NearWave Optical Molecular Monitoring

Indiana University

Status

Enrolling

Conditions

Invasive Breast Carcinoma

Breast Cancer

TNBC - Triple-Negative Breast Cancer

HER2-positive Breast Cancer

HER2-negative Breast Cancer

Treatments

Device: NearWave monitoring

Study type

Interventional

Funder types

Other

Identifiers

NCT06744465

CTO-IUSCCC-0880

Details and patient eligibility

About

The purpose of this study is to assess the feasibility of the NearWave optical molecular monitoring system for monitoring therapy progression and predicting pathologic complete response (pCR) of breast cancer patients undergoing neoadjuvant chemotherapy (NAC).

Full description

This is a prospective, observational, pilot study.

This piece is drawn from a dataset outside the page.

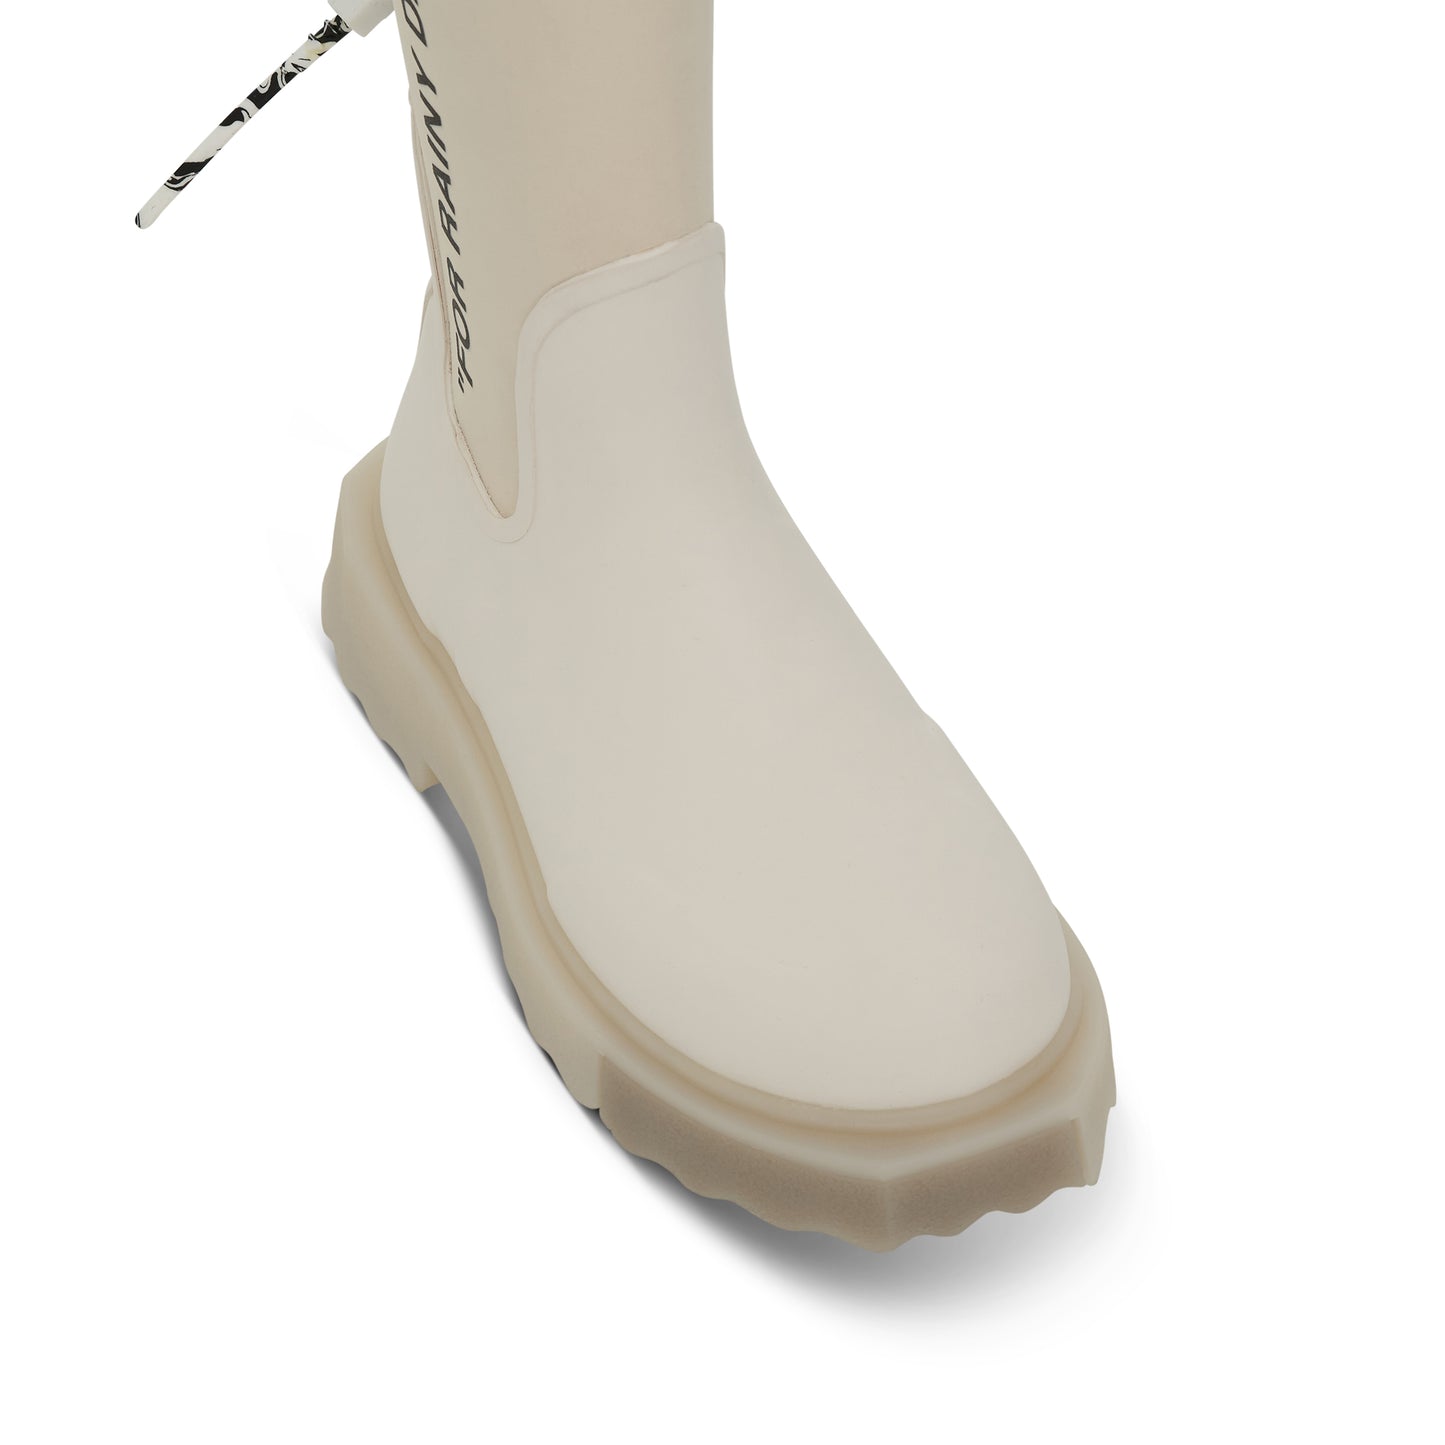 New Rubber Neoprene Boot in White

Due to the investigational nature of the NearWave device, imaging data collected will not be used to inform patient treatment. Since this is our first experience with the NearWave device and there does not exist any preliminary data with this device, we are performing this pilot study to establish whether data collected is of high enough quality to warrant further study.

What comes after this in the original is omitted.